PROVIDED MATERIAL:
▼
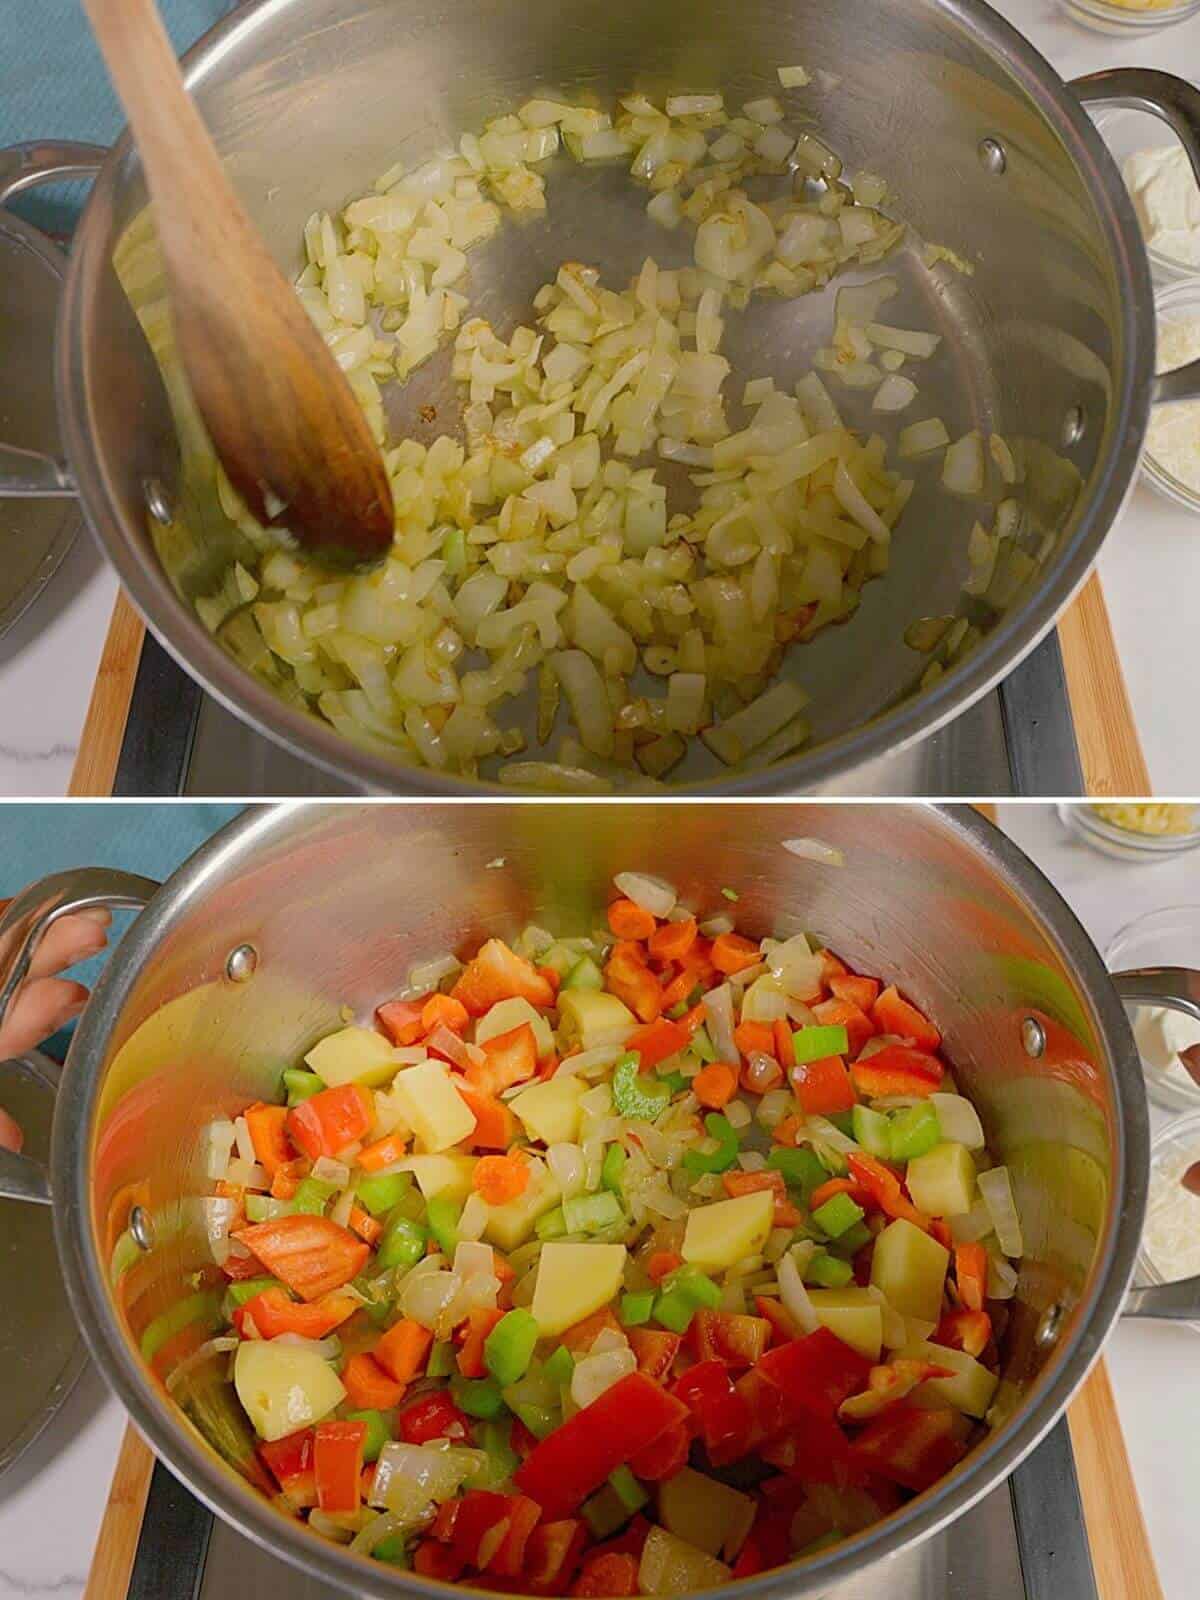 Cooking vegetables until soft.
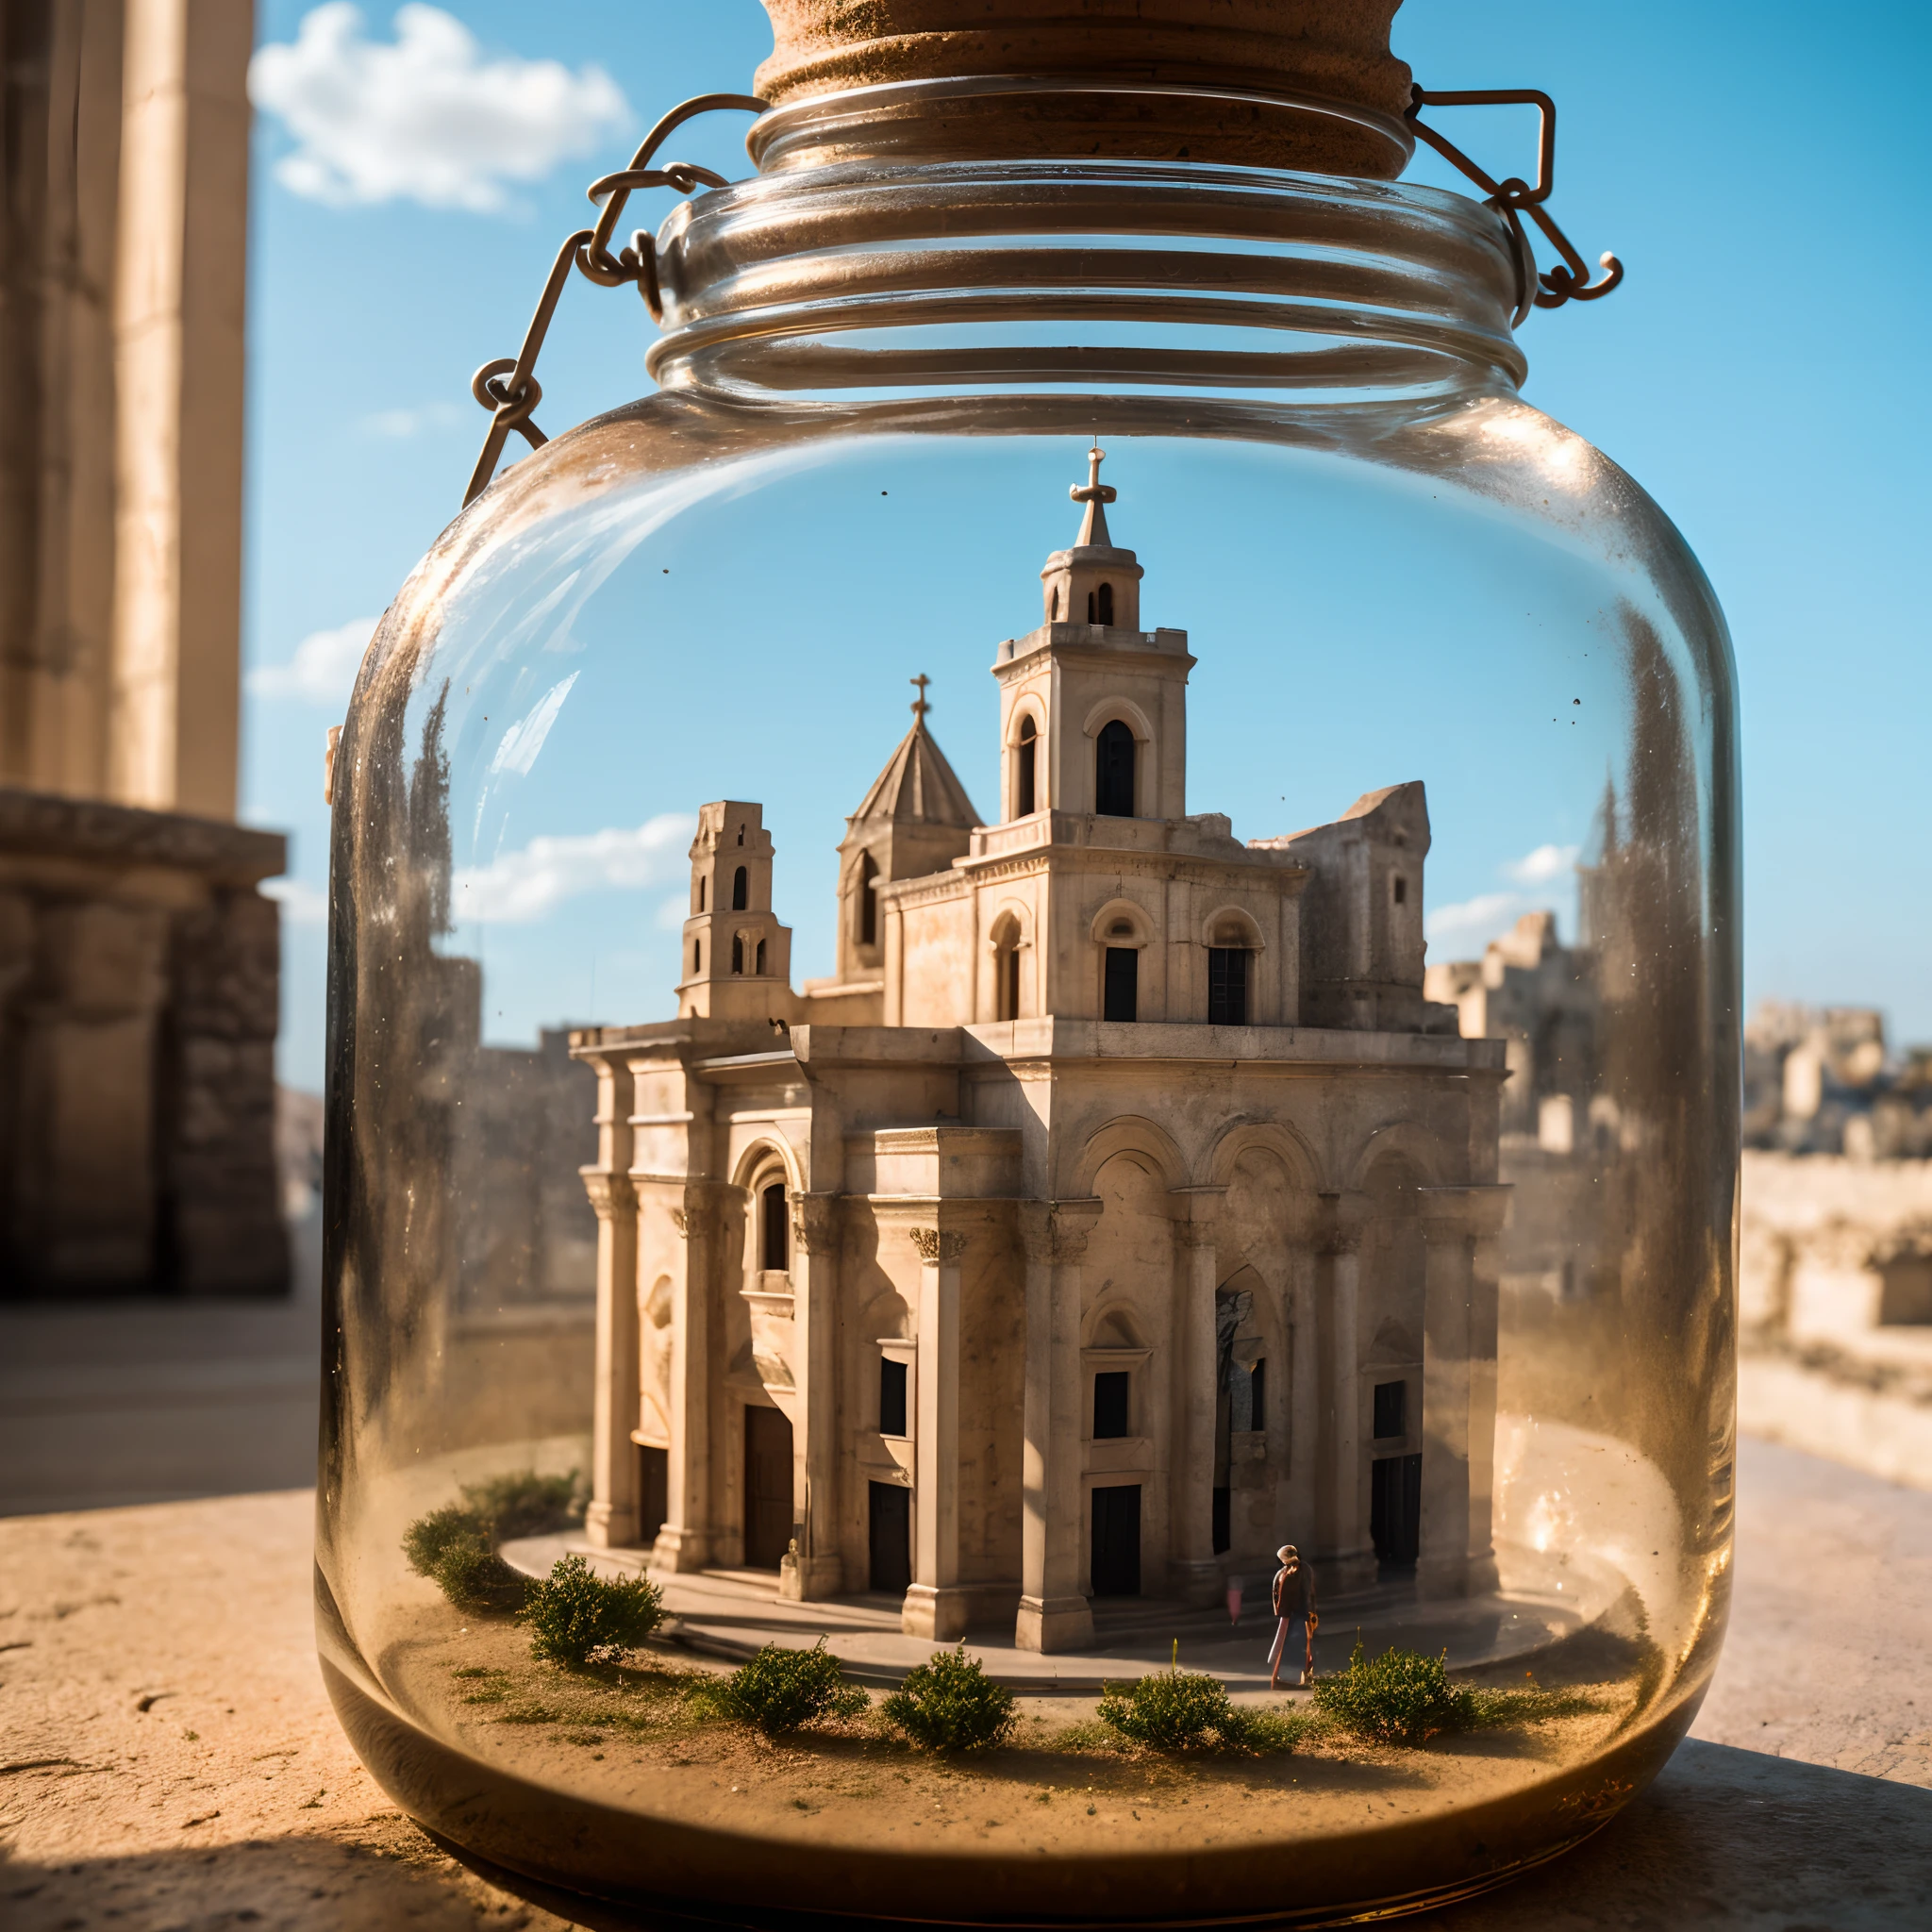 Catedral de Matera com torre sineira dentro de um frasco de vidro quadrado com tampa, colocação no peitoril da janela, extremamente detalhado, 8K, estilo punk apocalíptico, Miniaturas, fotografia macro em close-up
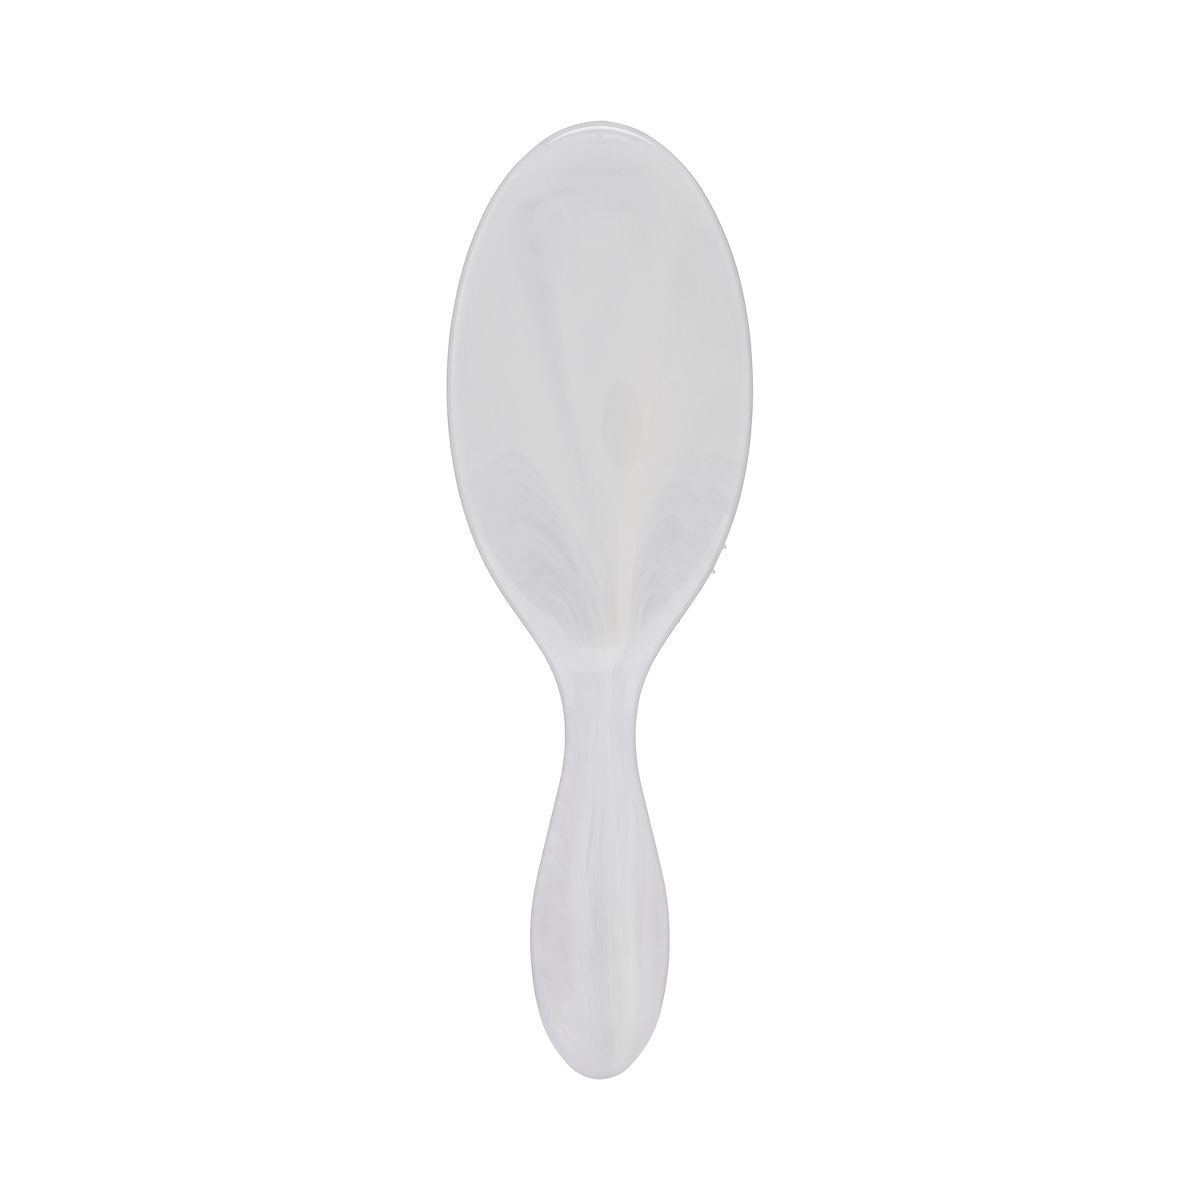 Wet Brush Original Detangler Hair Brush - Pearlized White | Target
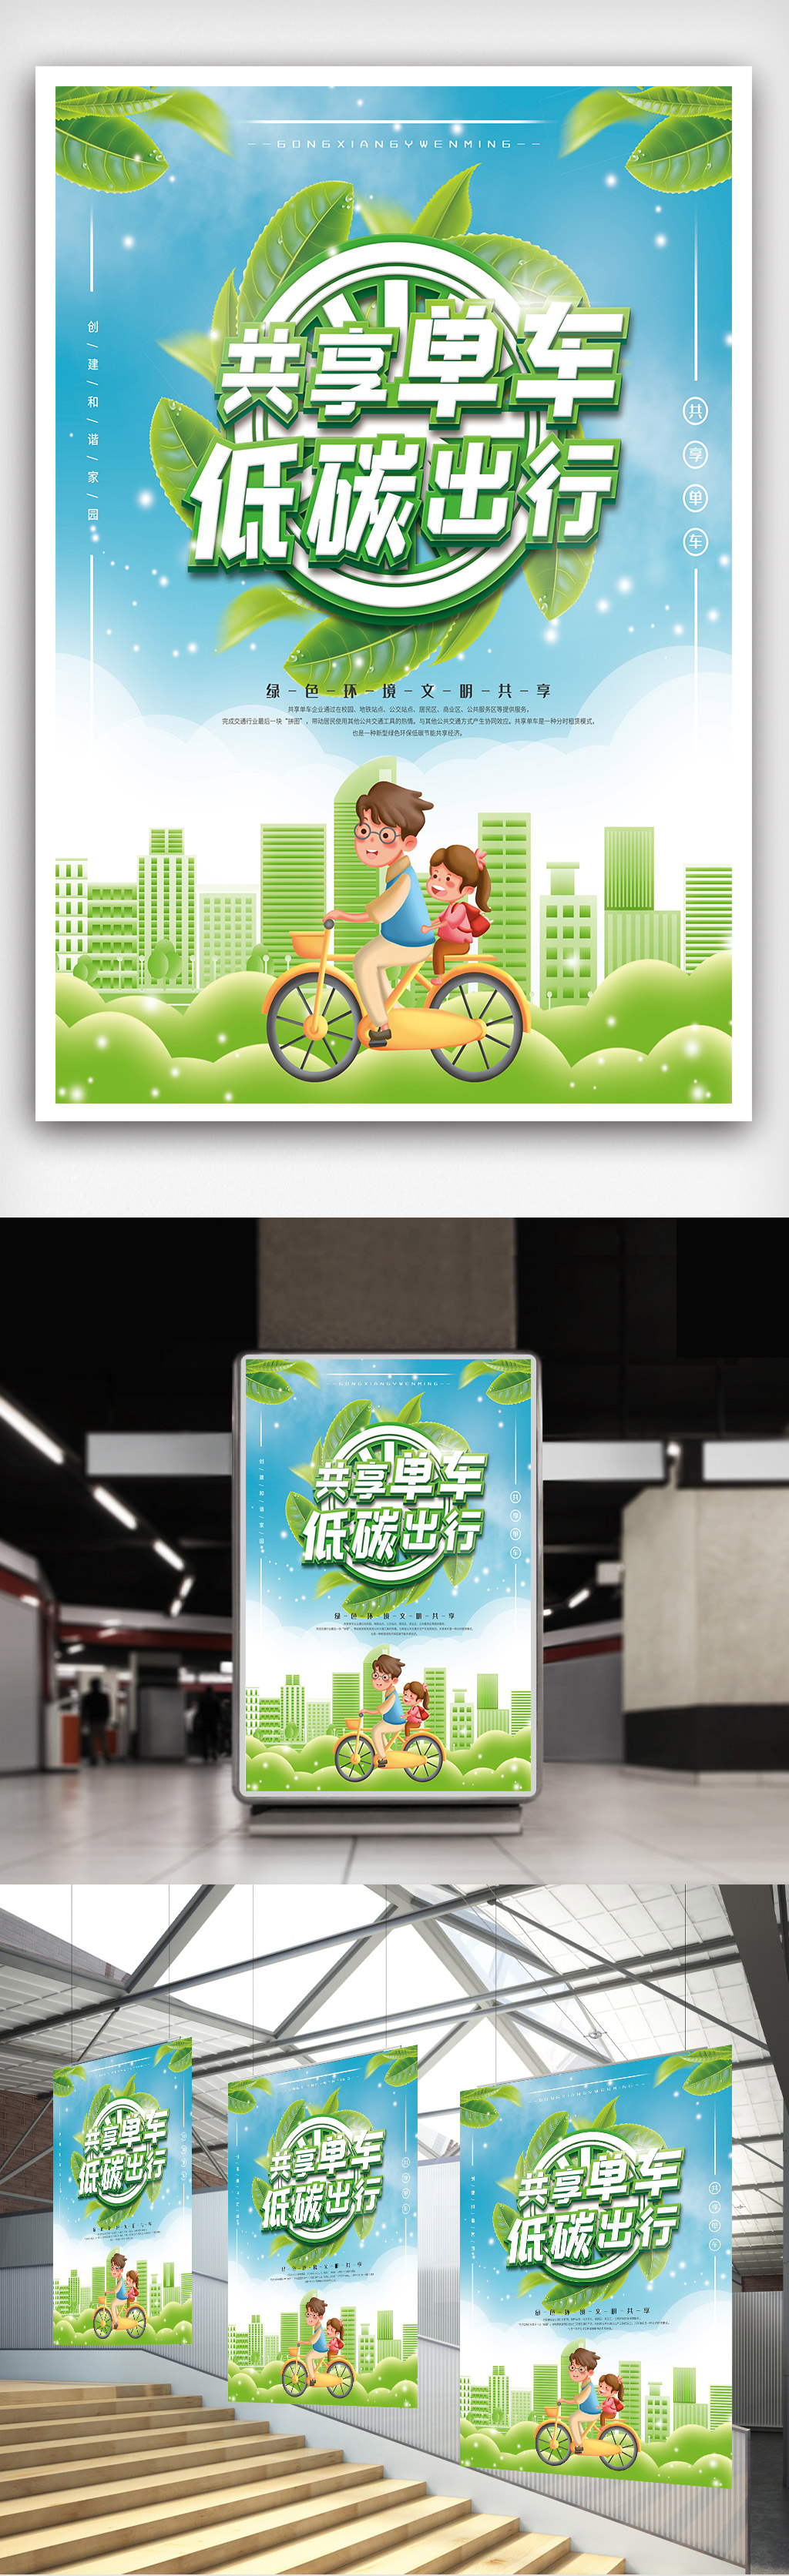 共享单车绿色低碳环保海报
▲
DIRECTIONS: Omit every picture while copying the listing above exactly.

YOUR RESPONSE:
 Cooking vegetables until soft.
 Catedral de Matera com torre sineira dentro de um frasco de vidro quadrado com tampa, colocação no peitoril da janela, extremamente detalhado, 8K, estilo punk apocalíptico, Miniaturas, fotografia macro em close-up
 Wet Brush Original Detangler Hair Brush - Pearlized White | Target
 共享单车绿色低碳环保海报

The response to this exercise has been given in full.